Veteran honored for service after Korean War

11/6/2000
BY CARL RYAN
BLADE STAFF WRITER
Forty-seven years after leaving the Army, Joel Davis is being inducted into the Ohio Veterans Hall of Fame.
Forty-seven years after leaving the Army, Joel Davis is being inducted into the Ohio Veterans Hall of Fame.

LUCKEY - Don't refer to the Korean War as a “police action,” or worse, as the “Forgotten War,” when you're around Joel Davis.

A veteran of that war, he has strong feelings on the subject, and has spent a good part of his time telling people what a hellish, bloody place Korea was from 1950 to 1953. “It was a real war that killed a lot of good people,” Mr. Davis, 71, a soft-spoken retiree, said in his ranch home here. “If we forget the war, we forget the people who served and died there - and we haven't done that at all.”

Forty-seven years after leaving the Army, Mr. Davis is being inducted into the Ohio Veterans Hall of Fame in recognition of his efforts to keep the sacrifices of Korean War veterans in the public memory. His induction is Thursday in Columbus. “Mr. Davis has been very active in veterans organizations,” Hall of Fame director Shannon Scherer said. “We don't base this award on a veteran's military service, but on what he or she did after leaving the military with an honorable discharge. Each one of them has a story. Mr. Davis exemplifies the service we look for.”

Adds Toledo Korean War veteran Ed Rutherford: “He's an inspiration. If a veteran's group needs something done, he's there to help out.”

Mr. Davis was an Army corporal in Korea during most of the war, serving behind the lines in a military police battalion personnel office, where he was responsible for record-keeping. His MPs guarded the trains that carried supplies to the front lines and brought the dead and wounded back. Compared to what the combatants went through, it was not hard duty, he said.

But the war changed him nonetheless. He saw bodies and hungry refugees and destroyed cities. Afterward, he returned to Wood County and his wife Shirley, to his job at a former Libbey-Owens-Ford Co. plant in East Toledo, and threw himself into veterans' activities.

He joined the Luckey American Legion Post, where he became commander and served as chaplain. He also has been the American Legion's Wood County commander. He joined the National Korean War Veterans Association in 1986, and helped start the Western Lake Erie and Northwest Ohio chapters of the group. He is active in the Bowling Green Veterans of Foreign Wars.

Mr. Davis raised funds for the maintenance and repair of Ohio's box car from the Gratitude Train sent to this country by France in 1949 as thanks for United States' participation in the World Wars. Each state received a train car. Ohio's is at Camp Perry, west of Port Clinton, and is protected by a roof thanks to donations Mr. Davis helped solicit.

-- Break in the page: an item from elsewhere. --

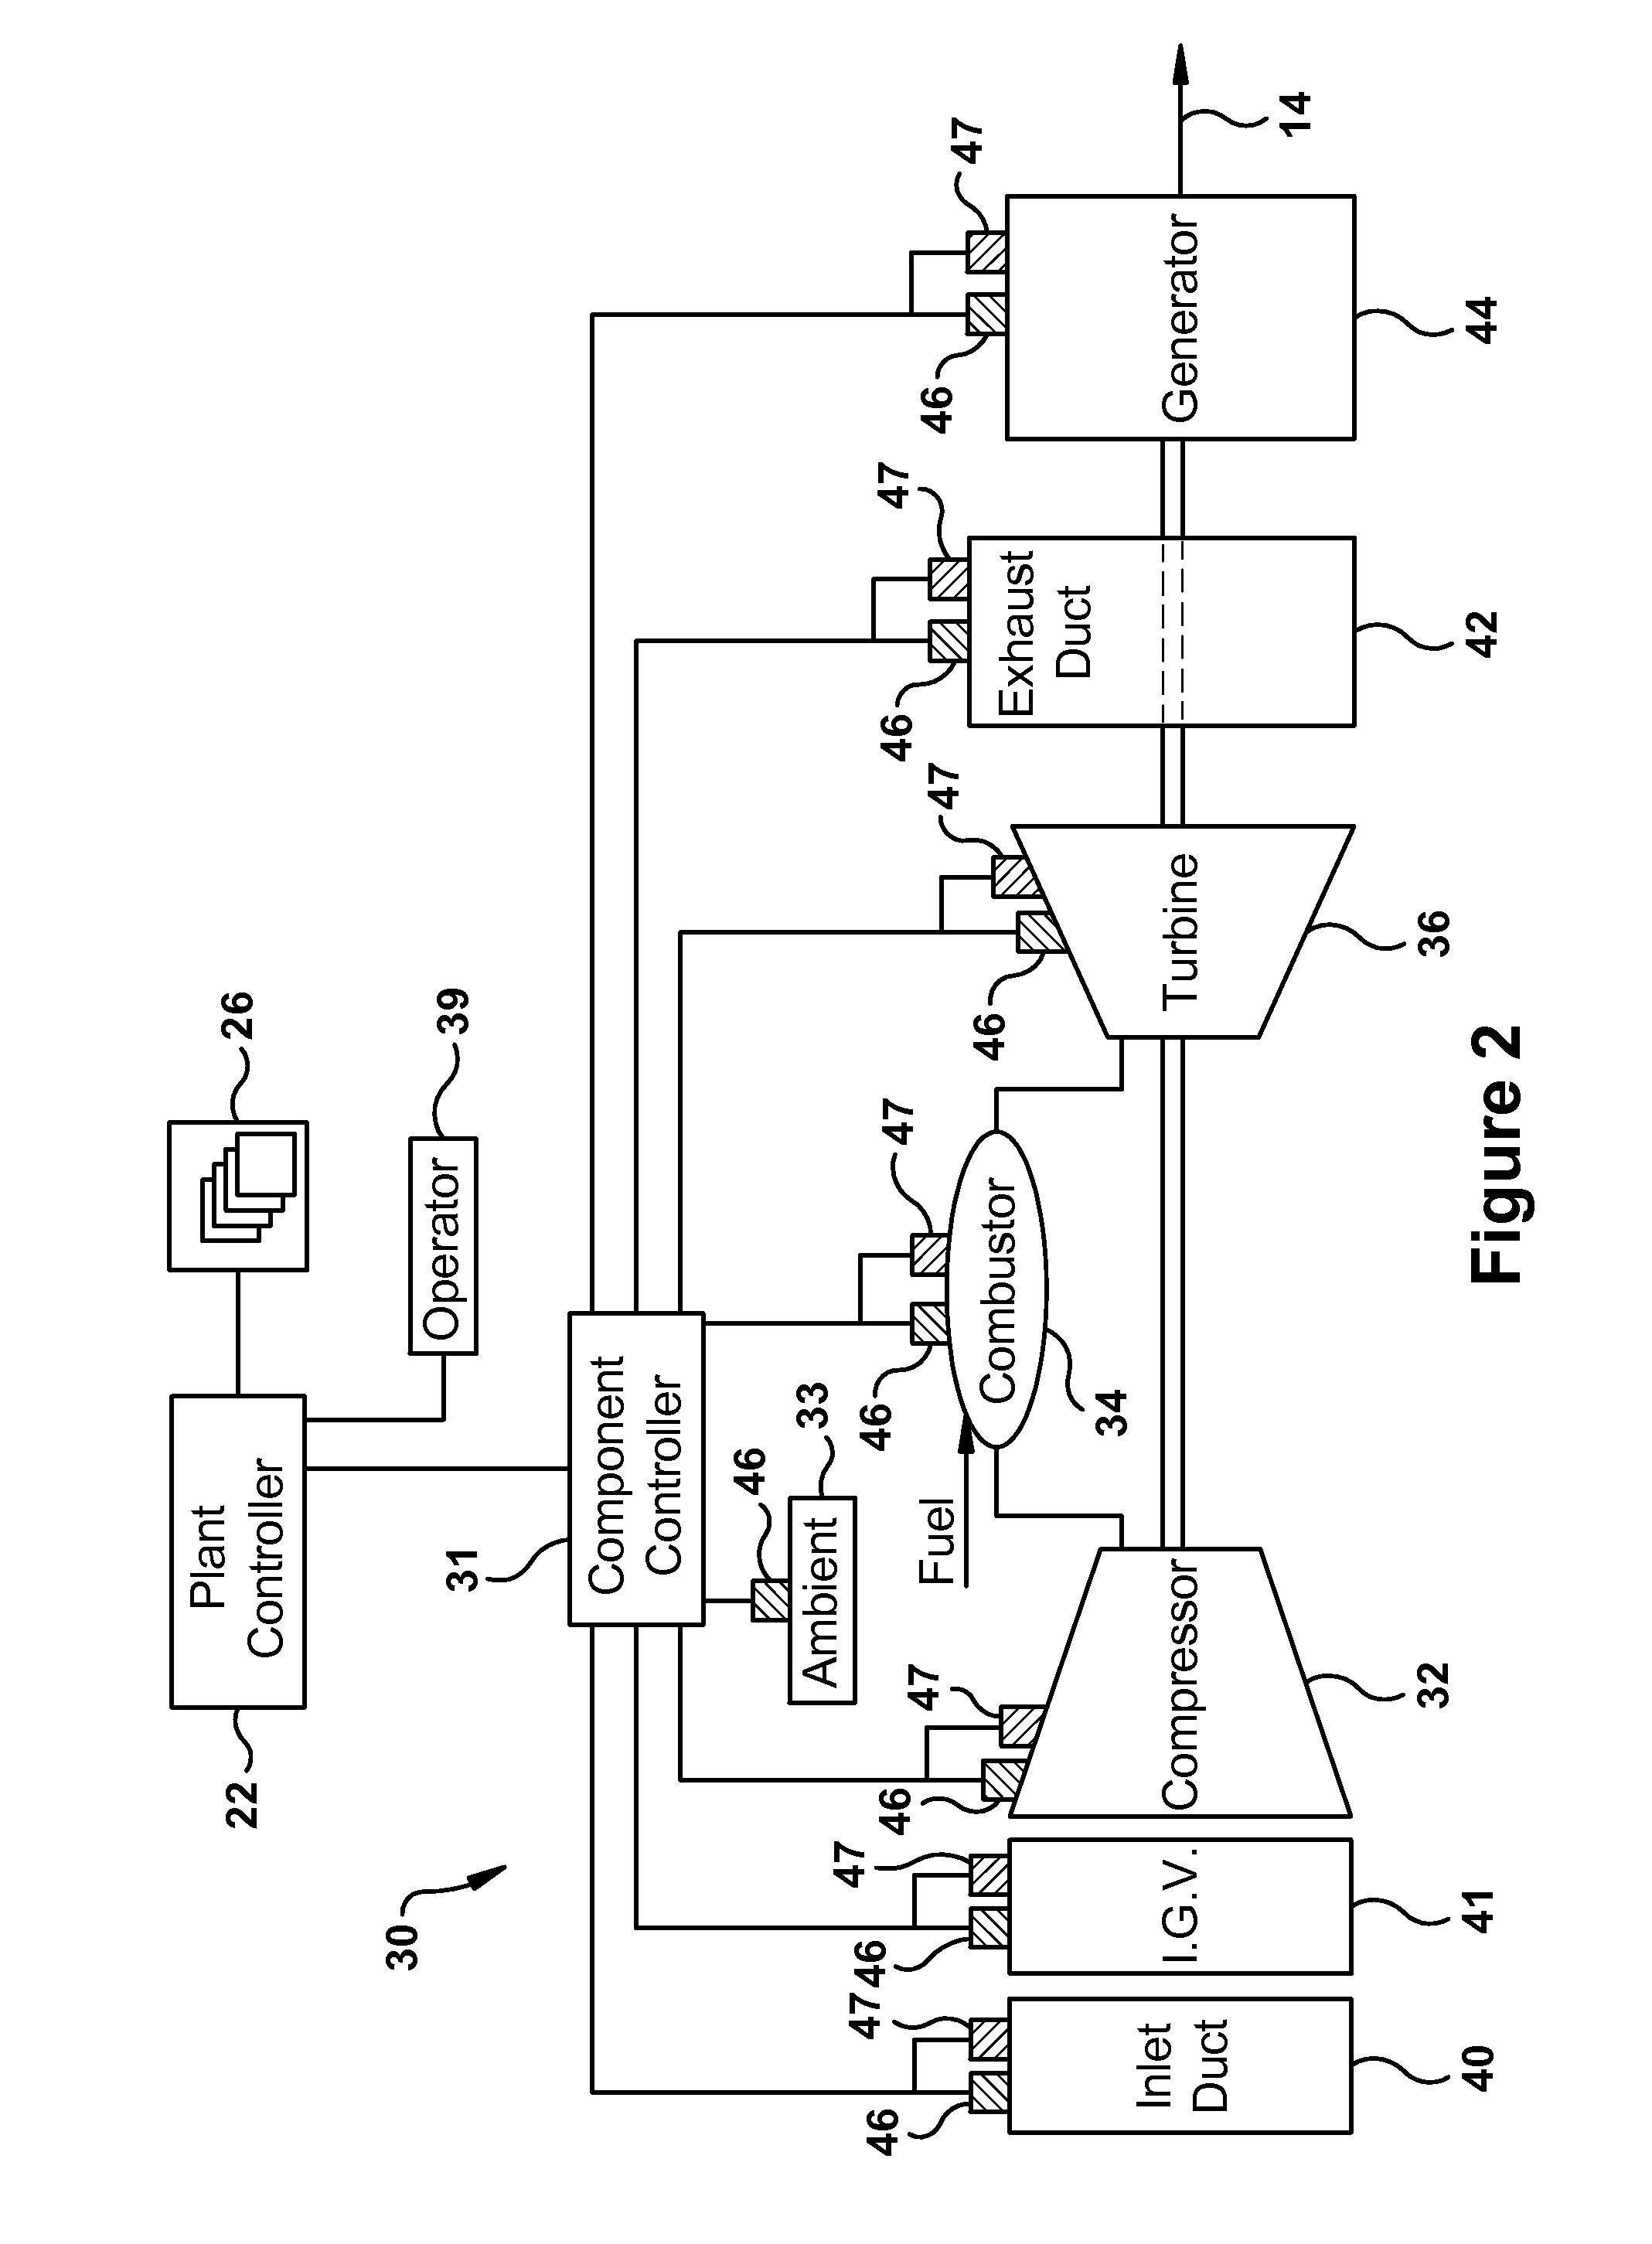 Methods and systems for enhancing control of power plant generating units

At the Ohio Veterans Home in Sandusky, Mr. Davis belongs to a committee set up to establish programs to recognize the home's residents who are Korean War veterans. He is raising funds to pay for a Korean War veterans monument at the home.

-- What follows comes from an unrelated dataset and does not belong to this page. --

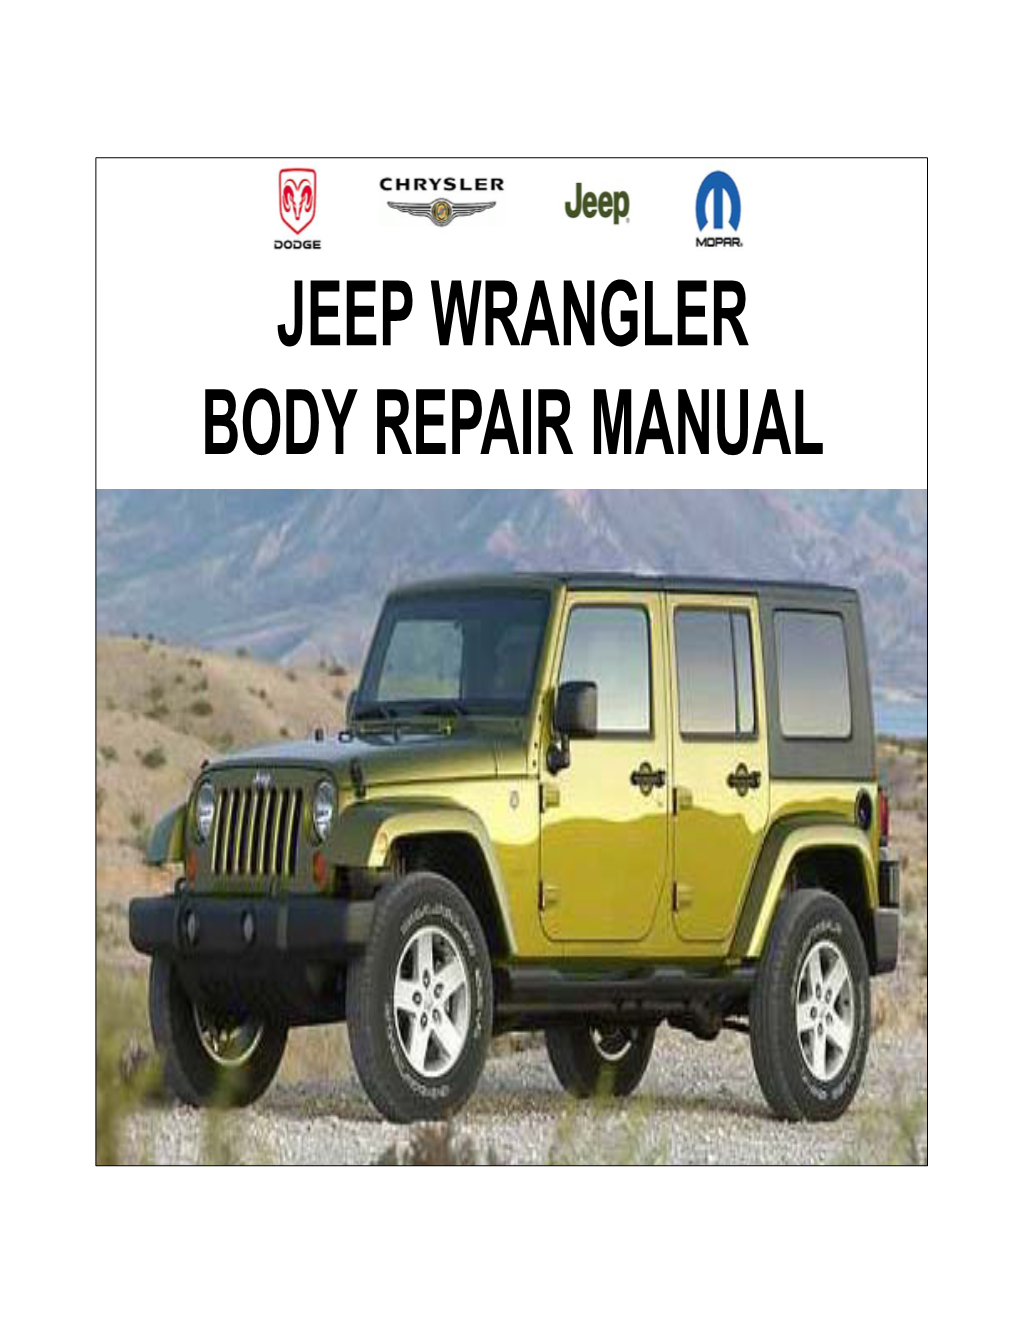 Jeep Wrangler Body Repair Manual Safety Notice

When the sexton of Wood County's New Belleville Cemetery left the job, taking records with him, Mr. Davis located the veterans' graves so flags could be placed on them on Memorial Day.

“I just wanted flags on the graves,” he explained. “Every Memorial Day I visit Wood County cemeteries and plant flags.”

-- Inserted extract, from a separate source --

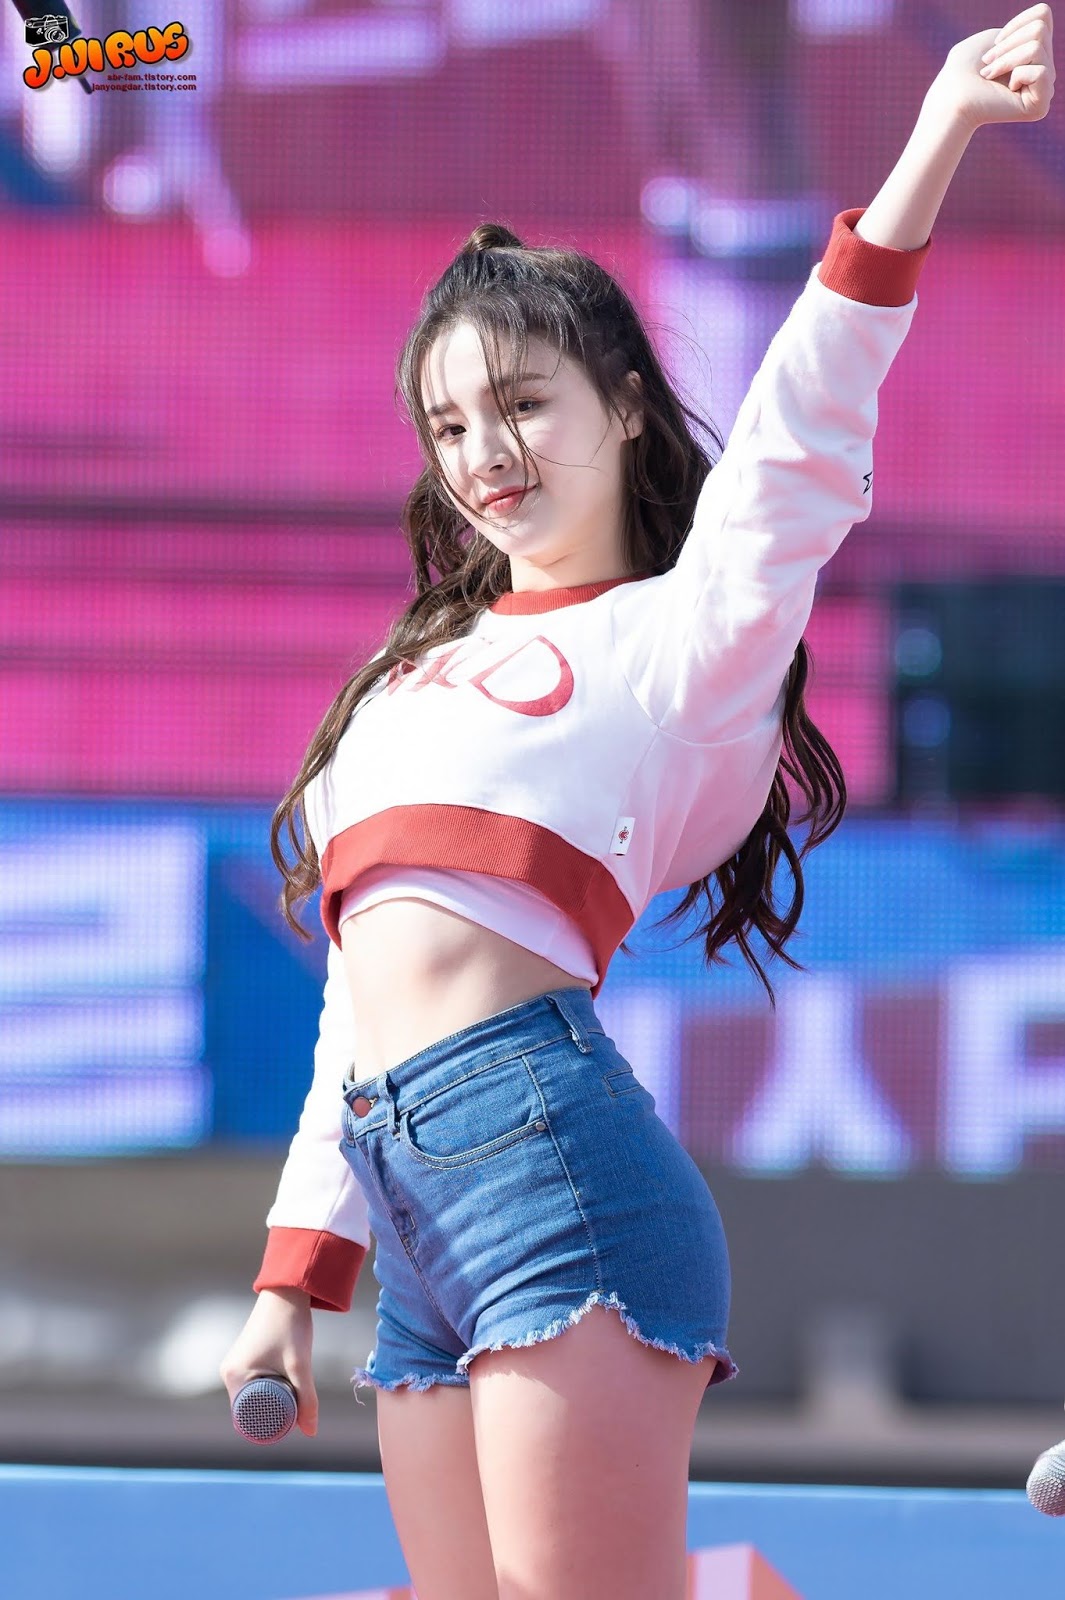 This is the most sexiest out fit of NANCY, MOMOLAND.

Disappointed that most school textbooks give the Korean War scant mention, he enjoys visiting classrooms to give history lessons and recount his own experiences. The interest shown by students is encouraging, he said.

“Young people want to hear about it,” he explained. “They find this history fascinating.”

Mr. Davis gives them some hard facts: How the poorly trained American garrison troops, with old equipment, took the brunt of the North Korean invasion at the war's start. “They suffered terribly,” he said.

Mr. Davis also talks about his admiration for the South Korean people, who built a prosperous democracy from the rubble of war. He and his wife visited the country in 1994.

“We were wined and dined by the Korean government. I had last seen Seoul in October of 1953. The city was leveled. When we returned, it was a booming metropolis. A Korean boy even kissed my hand and thanked me for what I did for his country,” he said.

Mr. Rutherford, who handles public relations for the Northwest Ohio Chapter of the Korean War Veterans Association, credits Mr. Davis with increasing the group's membership through his recruitment efforts.

“Our membership has been going up, and that's important,” he said. “We have to keep all the people we can get, because we're dying off.”